The 2015–16 season ultimately turned out to be Godden's breakthrough season as he enjoyed his most prolific campaign to date. Godden started the season by scoring once in his first six matches,  his opening goal of the season came in the 54th-minute, helping Ebbsfleet recover from two goals down to draw 2–2 with Whitehawk on 29 August 2015. Two goals a week later against Maidenhead United served as the catalyst for the best goalscoring form of Godden's career as he proceeded to score 15 goals in 17 games from September to December 2015. This included another hat-trick in a 4–2 home victory over Bishop's Stortford on 21 November 2015. After his prolific scoring to end the year, Godden started the first two months of 2016, eight matches in total, without scoring. After scoring in Ebbsfleet's 2–2 home draw with Havant & Waterlooville on 1 March 2016, Godden went on another run of form where he scored 11 goals in 12 matches to end the campaign. This run included scoring four-goals in a 5–0 victory at Hayes & Yeading on 2 April 2016, as well as a hat-trick as Ebbsfleet in a 4–2 home win against Eastbourne Borough on 30 April 2016. The hat-trick turned out to be Godden's final goals for the club. He scored 30 goals in 45 matches in a season where Ebbsfleet would miss out on promotion back to the National League after losing on penalties to Maidstone United in the National League South play-off final.

Stevenage
Godden's contract at Ebbsfleet expired at the end of the season and he subsequently joined League Two club Stevenage on a free transfer, signing a one-year contract, on 6 June 2016. In doing so he became Darren Sarll's first signing as full-time manager of Stevenage. On joining Stevenage, Godden stated "I dropped down to Ebbsfleet to rejuvenate and get regular football. The main aim was to bounce back and make a name for myself in the Football League and I thank Darren Sarll and Stevenage for this opportunity." He made his Stevenage debut on the opening day of the 2016–17 season, playing the whole match in a 2–1 defeat against Crewe Alexandra at Broadhall Way. Godden scored his first goal for Stevenage in his fifth appearance, scoring the winning goal six minutes into injury-time with a first-time finish in the club's 2–1 victory over local rivals Luton Town on 20 August 2016. He scored eight goals during the first half of the season, averaging a goal every three games, and signed a two-year contract extension on 1 December 2016.
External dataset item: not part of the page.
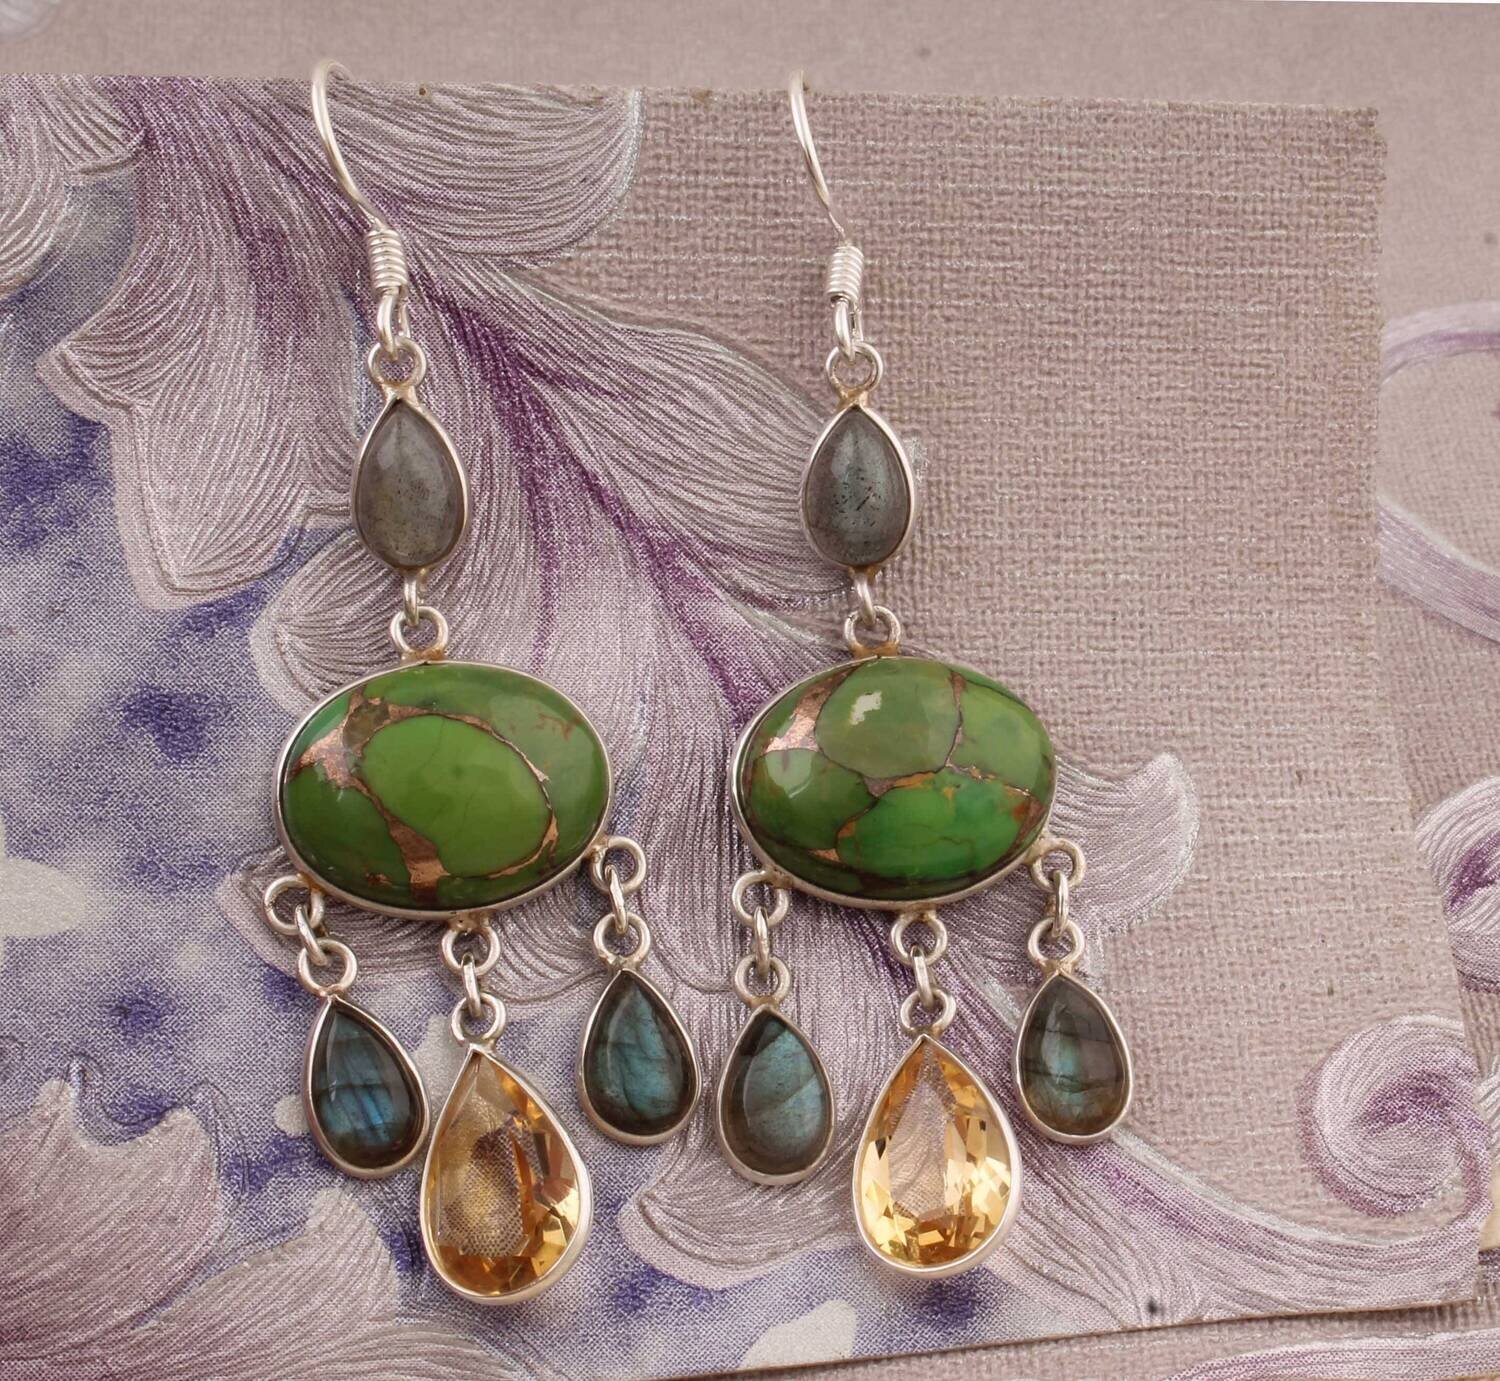 Combo Gemstone Earring Composite Turquoise+Labradorite+Citrine Gemstone Earring 925-Sterling Silver Earring Big Size Earring Gift For Her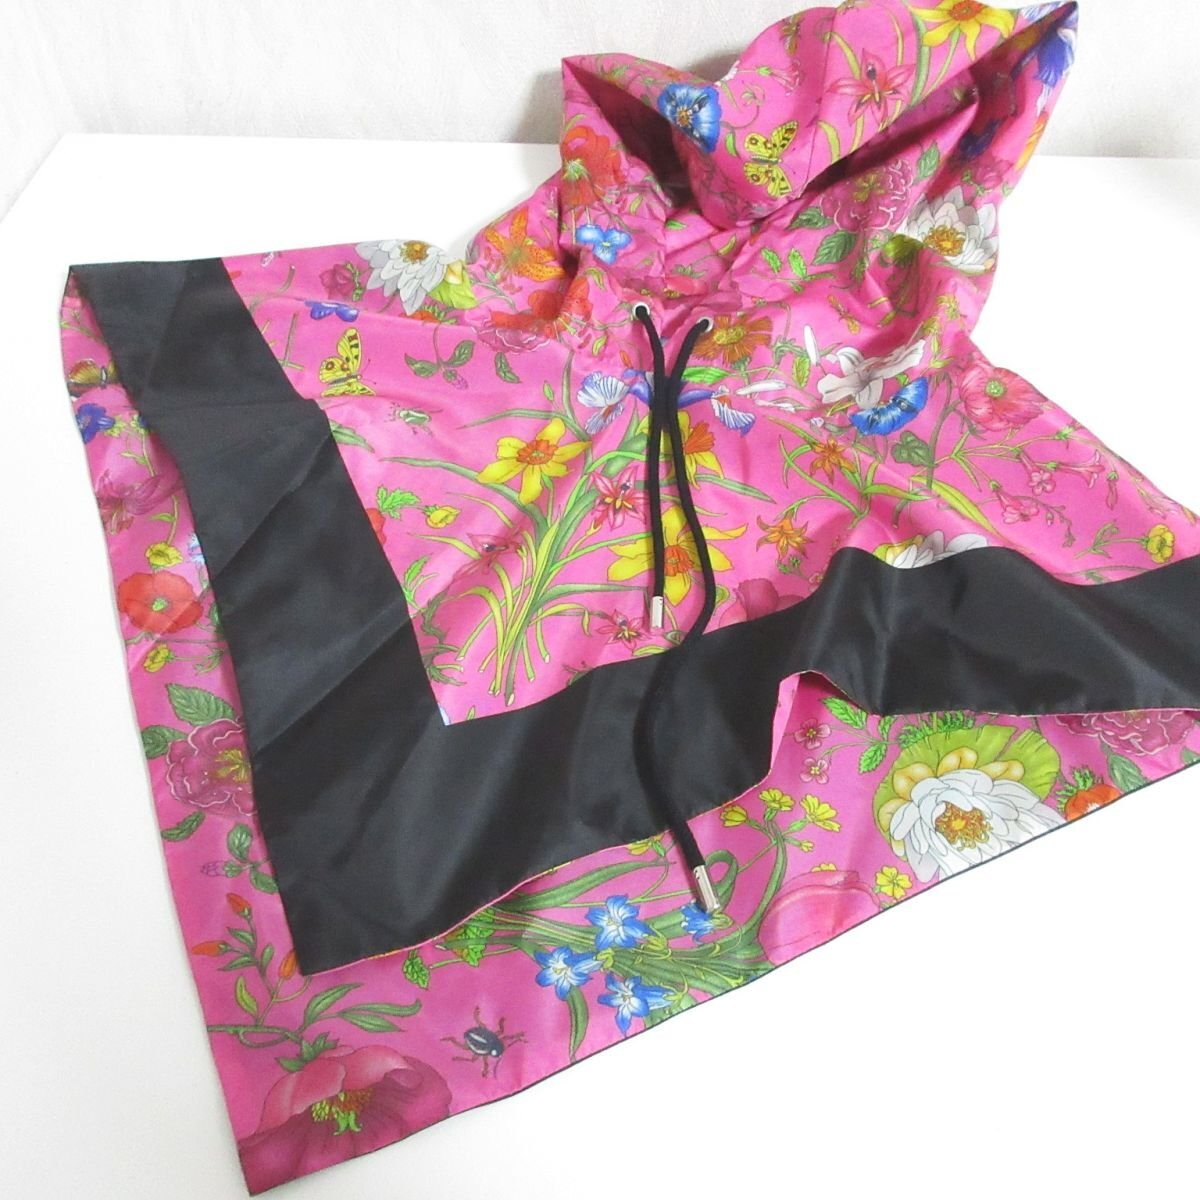  as good as new 20SS GUCCI Gucci nylon flora flower print rain hood poncho M pink series *

It was to be Godden's run of form after the turn of the year into 2017 that would draw attention to him. His first Football League hat-trick in a 3–1 home victory against Newport County would serve as the start of a run of Godden scoring 12 goals in 11 matches to start the year. This meant that, following his two goals in a 3–0 win over Notts County on 4 March 2017, he had scored more goals than any other player in England's top four tiers in the opening months of that calendar year. Due to this form, Godden was named League Two Player of the Month for February 2017. He ended the season as Stevenage's top goalscorer, scoring 21 goals in 43 matches in all competitions, in a season where Stevenage would miss out on the play-off places as a result of a tenth-place finish. Godden was named Stevenage's Player of the Year at the club's end-of-season award ceremony.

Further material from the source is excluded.